Input data:
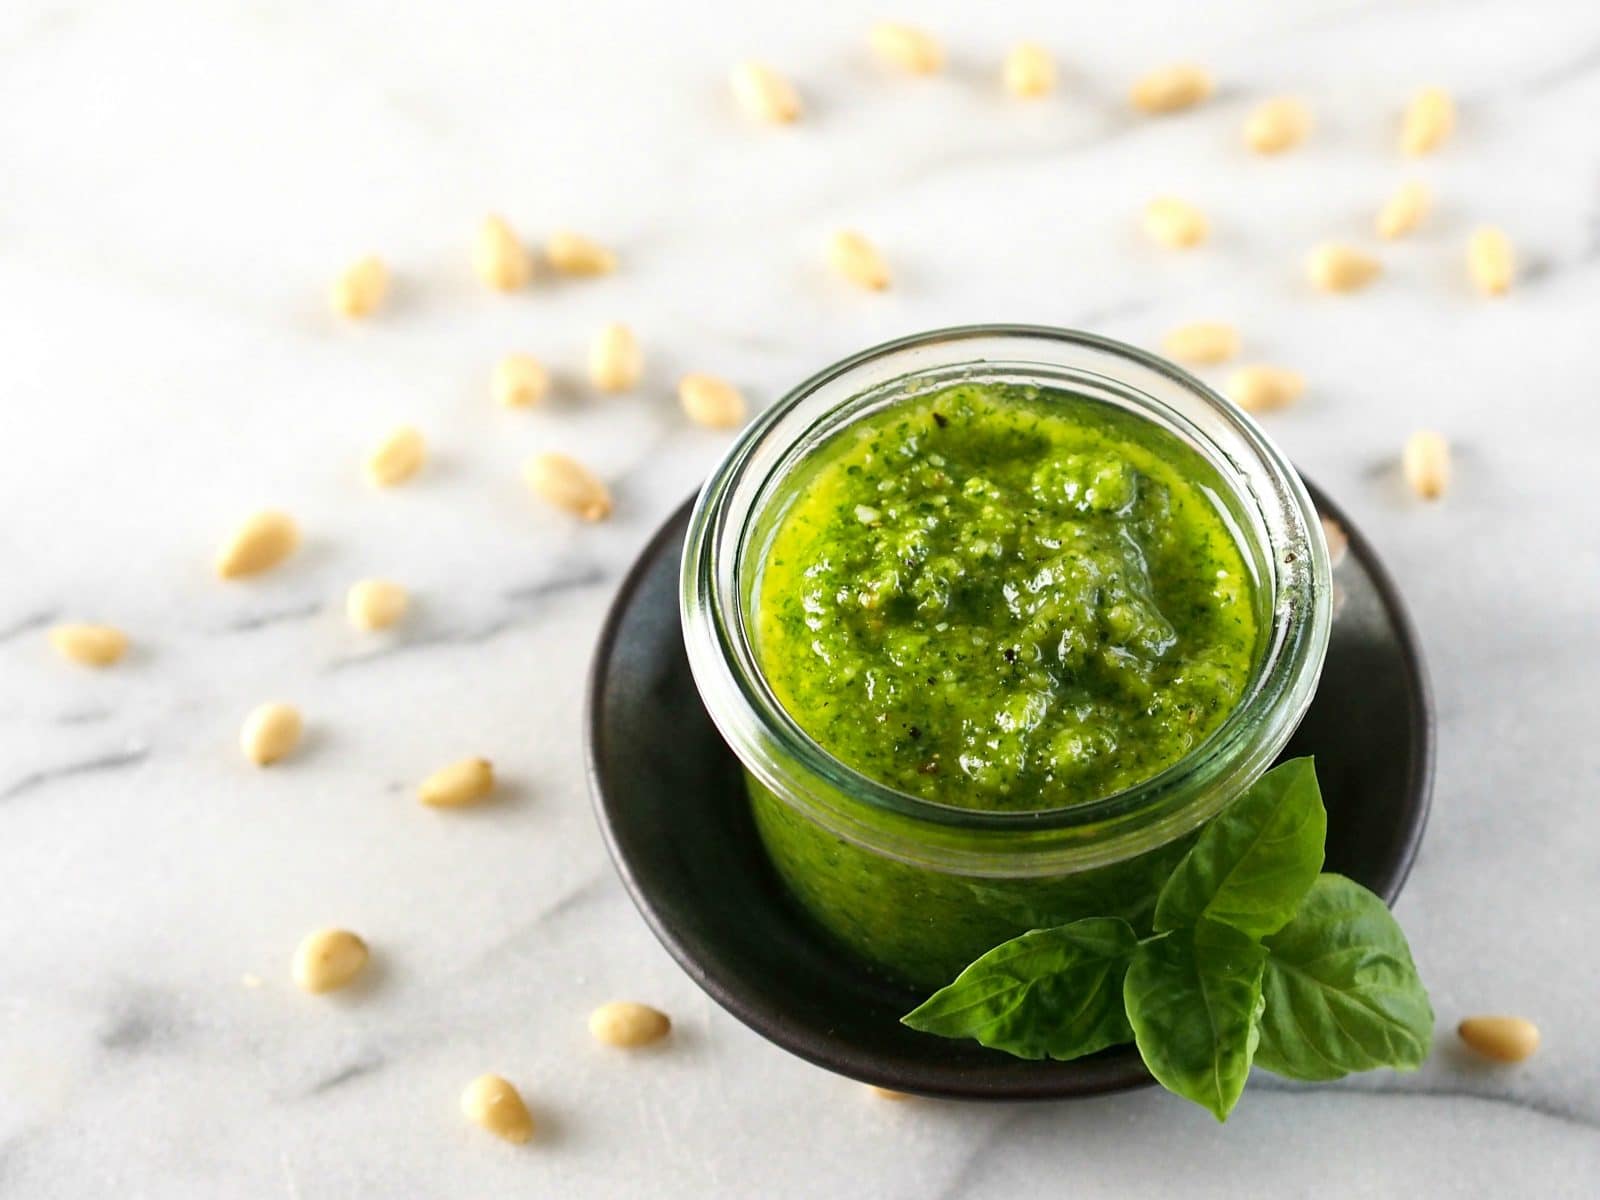 Basic Pesto. The perfect pesto recipe to use as the base to create your favorite pesto - just substitute other greens, nuts, cheeses and seasonings. Simply Sated
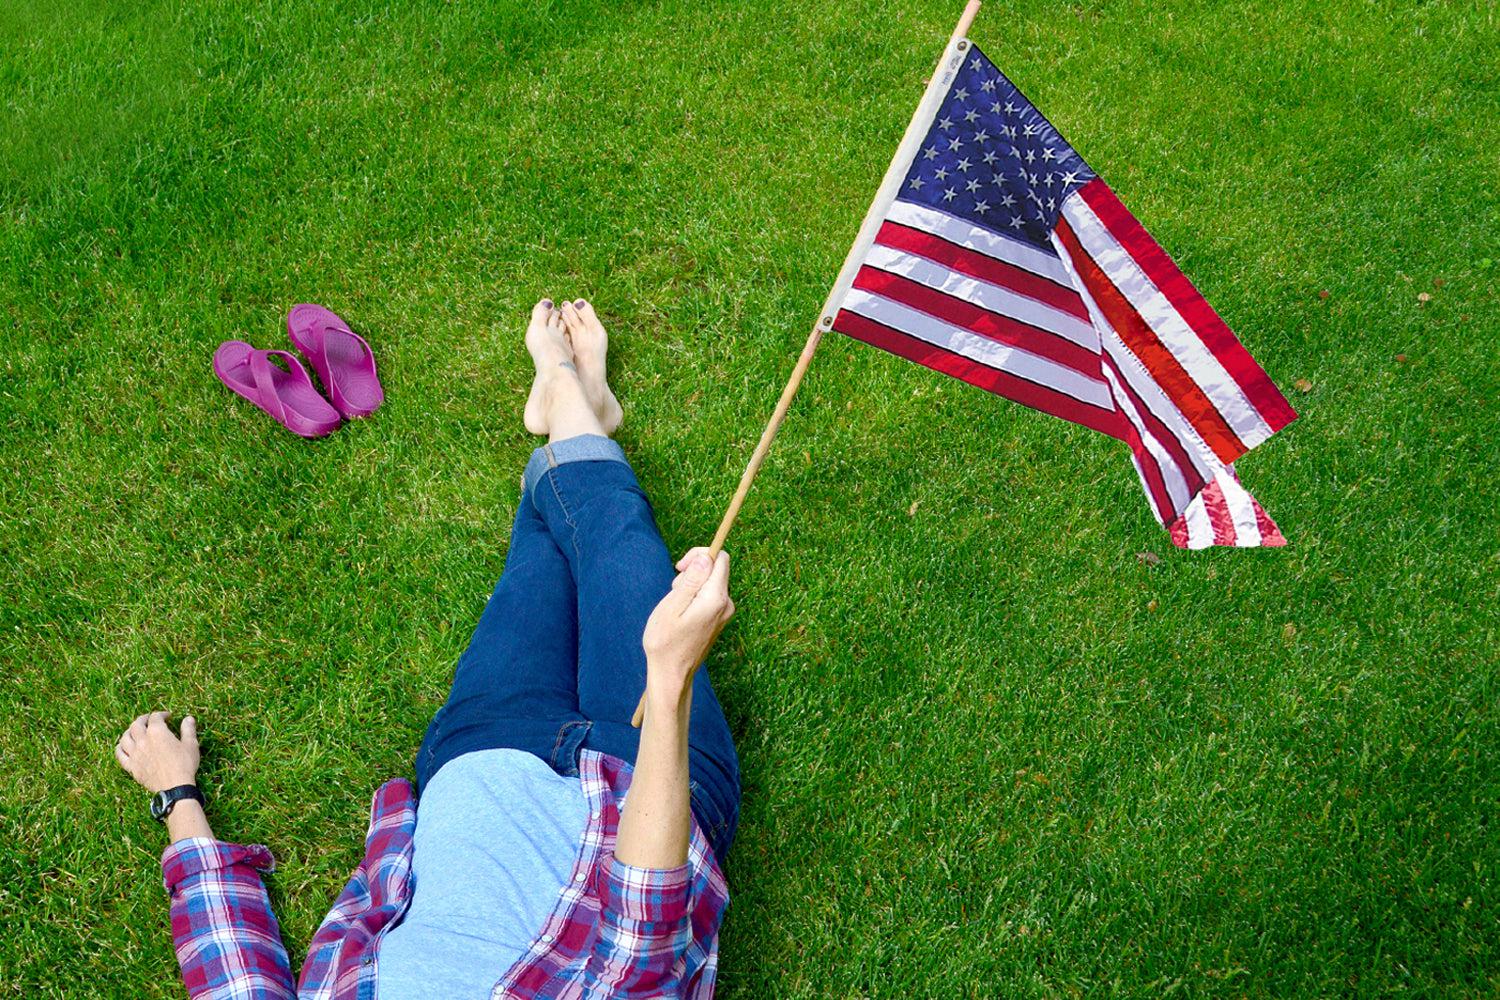 NuuSol-Girl laying in grass with a pair of Rustic Wine flip flops lying next to her. She's holding an American flag.
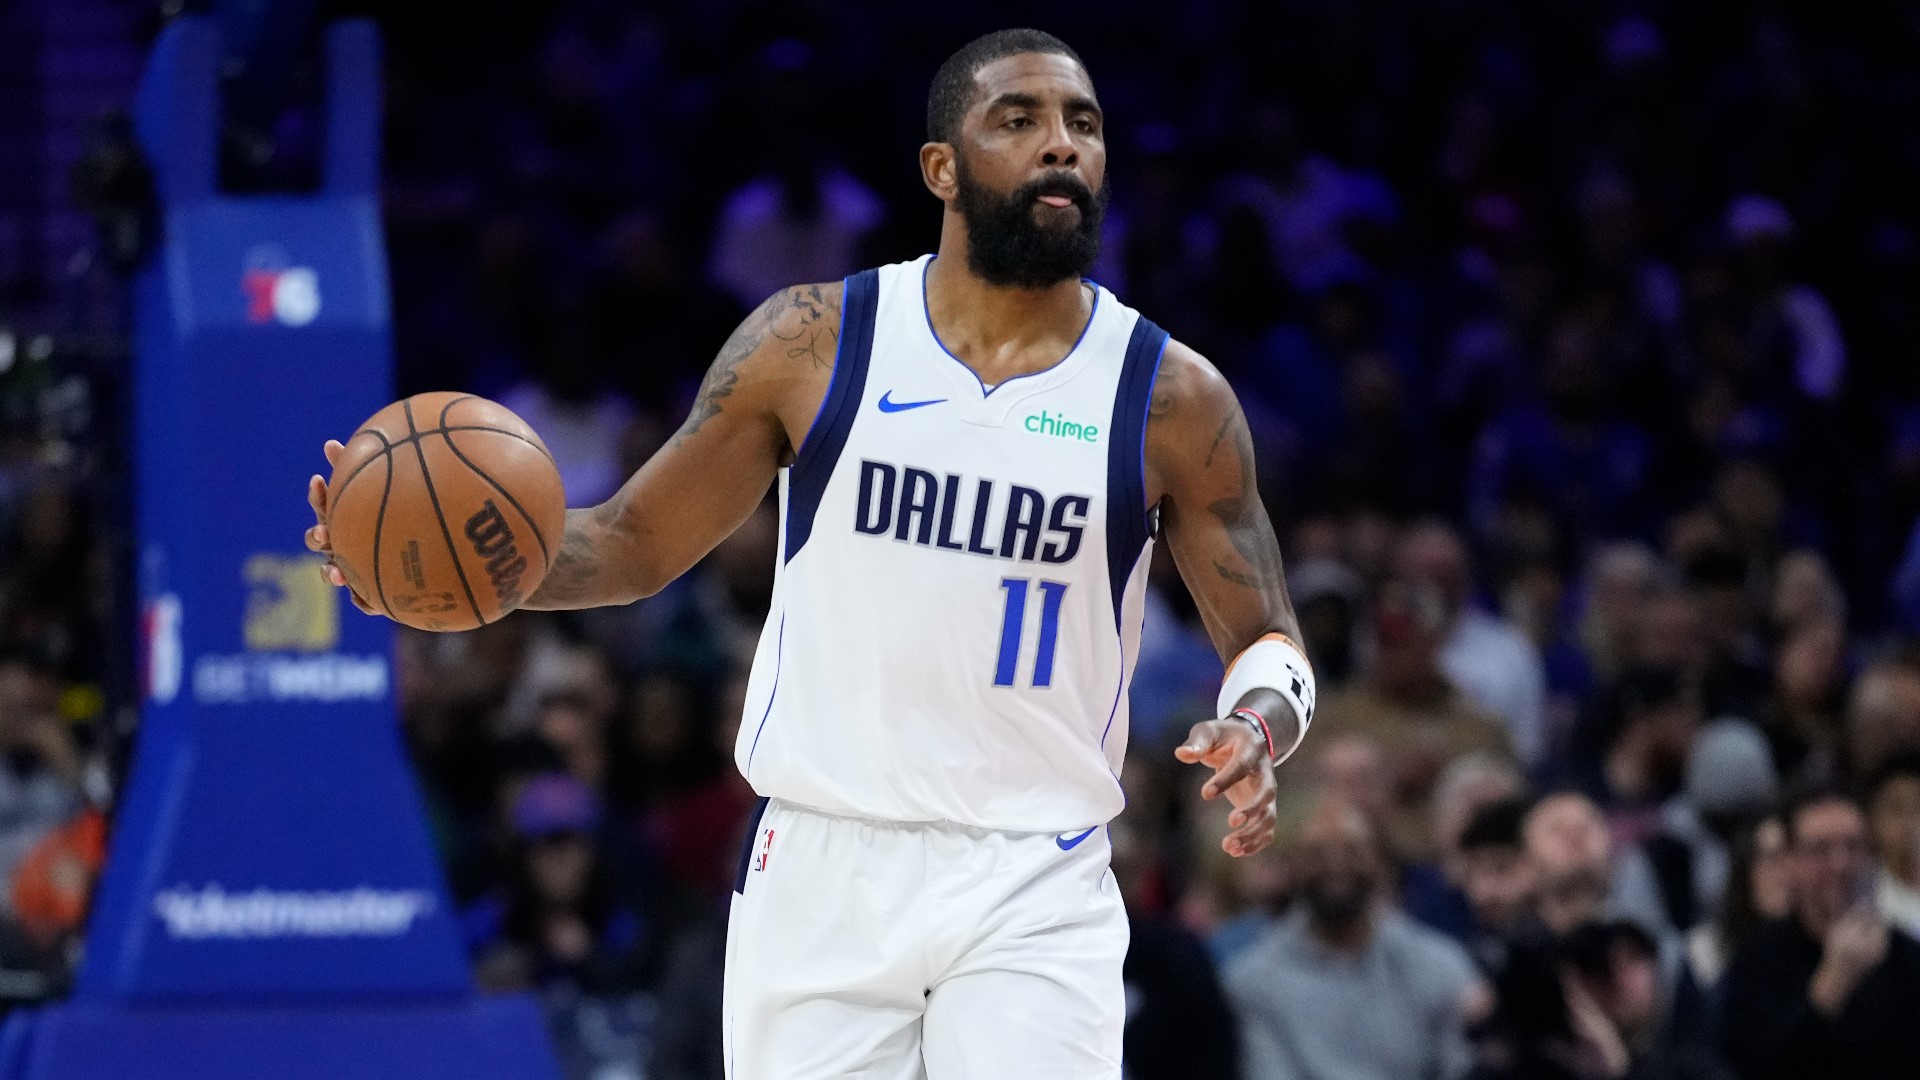 Kyrie Irving scored 36 points in a dazzling return to Brooklyn exactly one year after he was traded to Dallas, leading the Mavs to a 119-107 victory over the Nets.

Directions: Print every line above exactly as given, but not the pictures.

Solution to the exercise:
 Basic Pesto. The perfect pesto recipe to use as the base to create your favorite pesto - just substitute other greens, nuts, cheeses and seasonings. Simply Sated
 NuuSol-Girl laying in grass with a pair of Rustic Wine flip flops lying next to her. She's holding an American flag.
 Kyrie Irving scored 36 points in a dazzling return to Brooklyn exactly one year after he was traded to Dallas, leading the Mavs to a 119-107 victory over the Nets.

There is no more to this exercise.